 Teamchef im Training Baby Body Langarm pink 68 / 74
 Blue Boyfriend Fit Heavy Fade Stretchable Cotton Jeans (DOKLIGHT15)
-------------------------
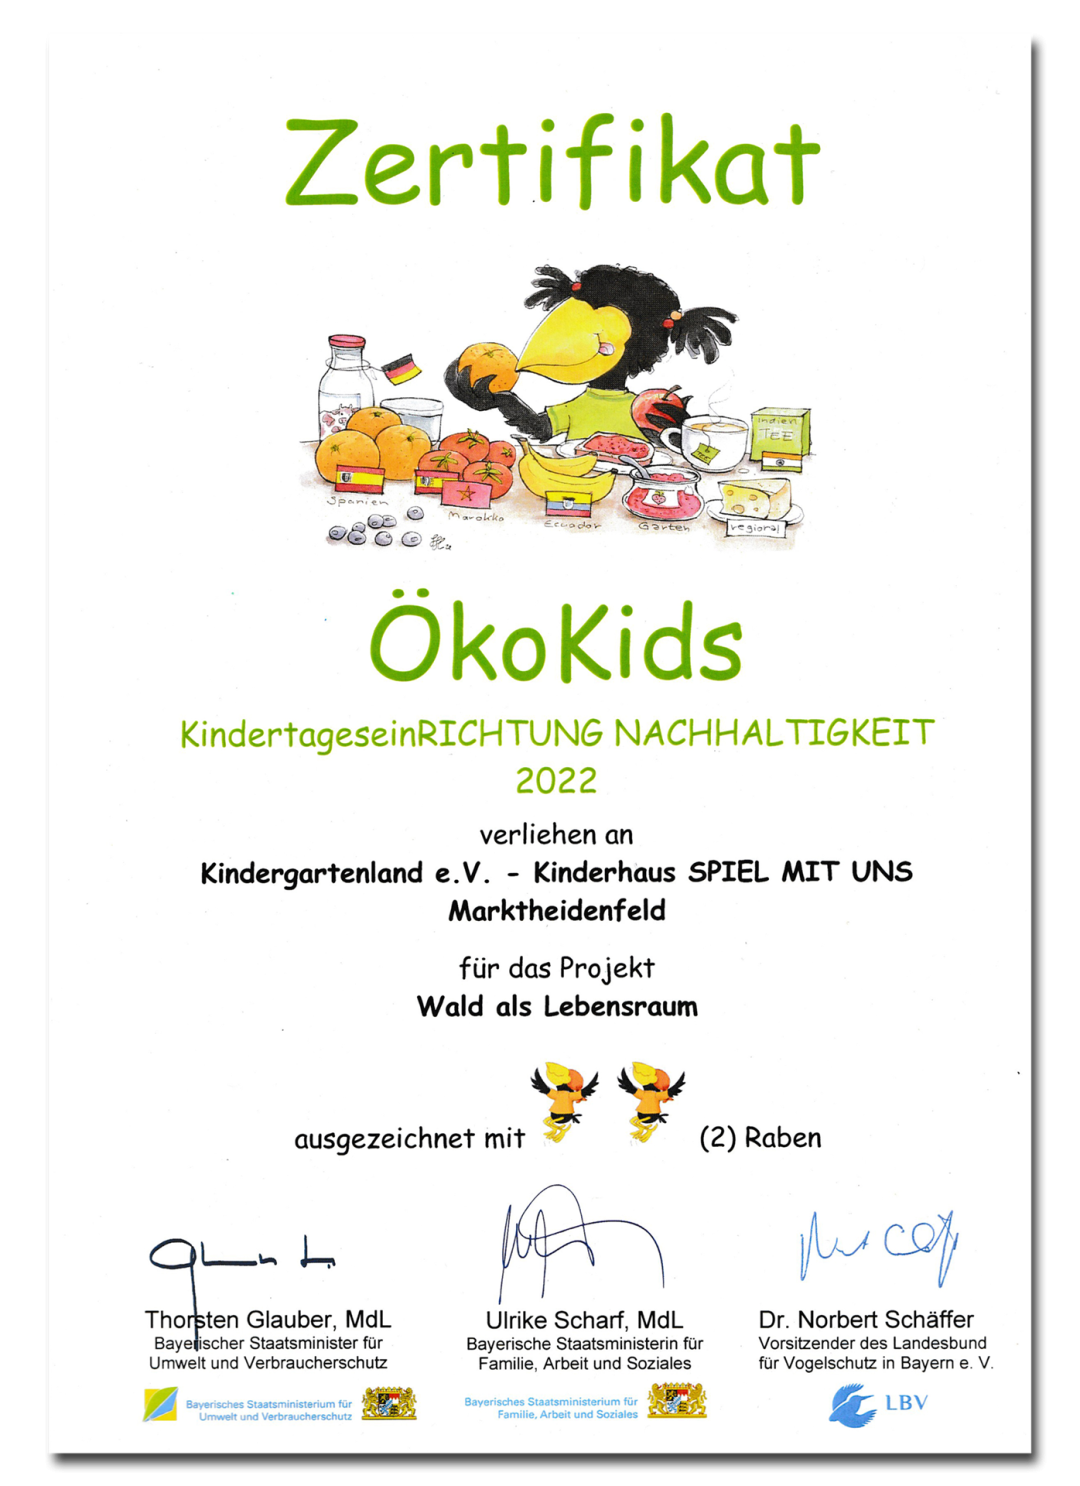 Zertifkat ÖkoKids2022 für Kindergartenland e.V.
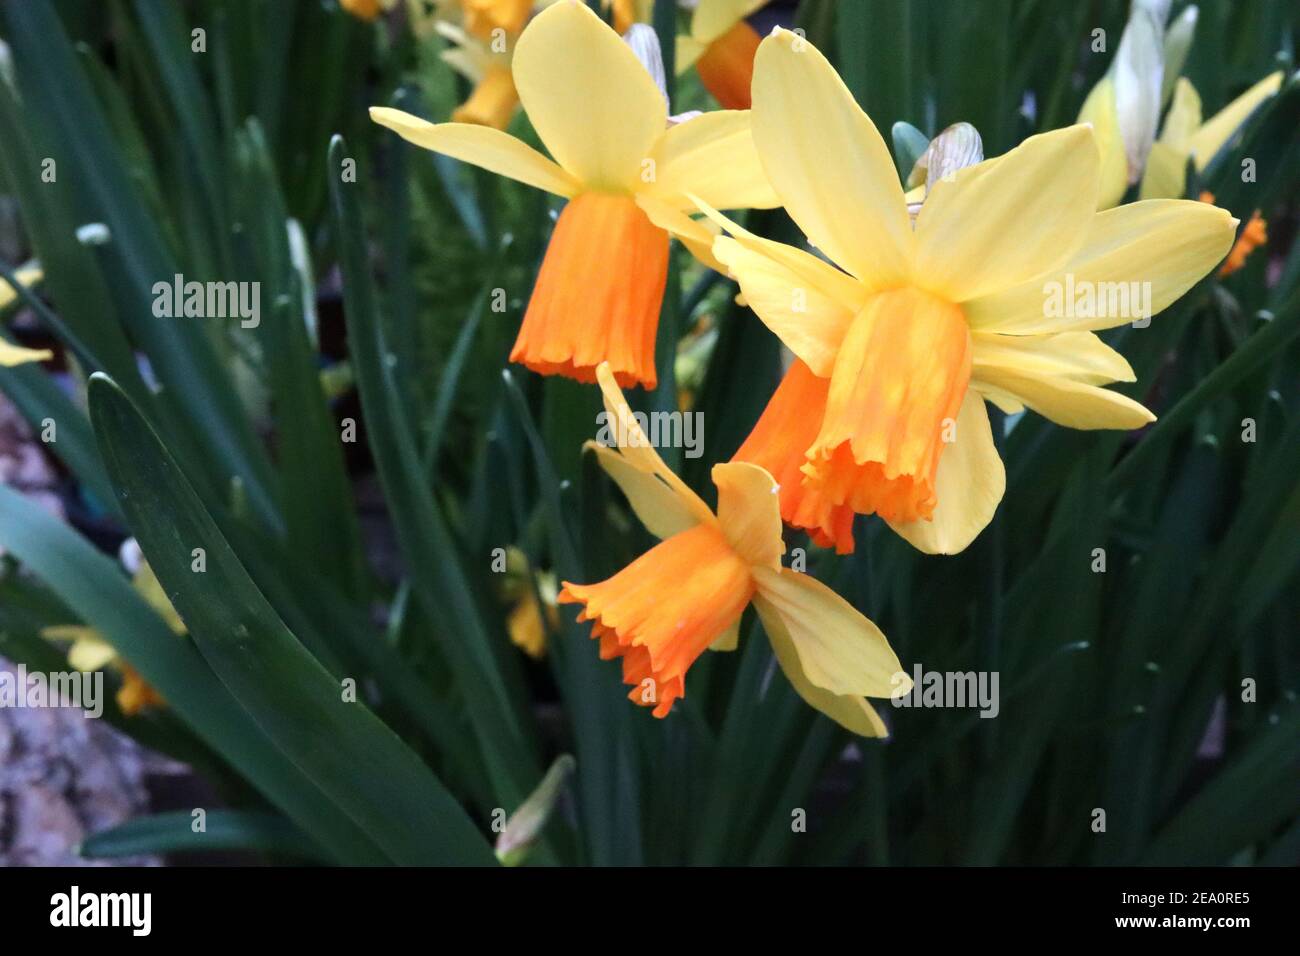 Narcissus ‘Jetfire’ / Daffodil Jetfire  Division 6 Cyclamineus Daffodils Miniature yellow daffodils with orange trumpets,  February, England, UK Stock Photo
-------------------------
▶ [TASK STATEMENT] In the listing above, find the line containing "Zertifkat ÖkoKids2022 für" and the line containing "Narcissus ‘Jetfire’ /". Print those two lines and every line between them exactly, with no pictures.

▶ [ANSWER SPACE]
 Zertifkat ÖkoKids2022 für Kindergartenland e.V.
 Narcissus ‘Jetfire’ / Daffodil Jetfire  Division 6 Cyclamineus Daffodils Miniature yellow daffodils with orange trumpets,  February, England, UK Stock Photo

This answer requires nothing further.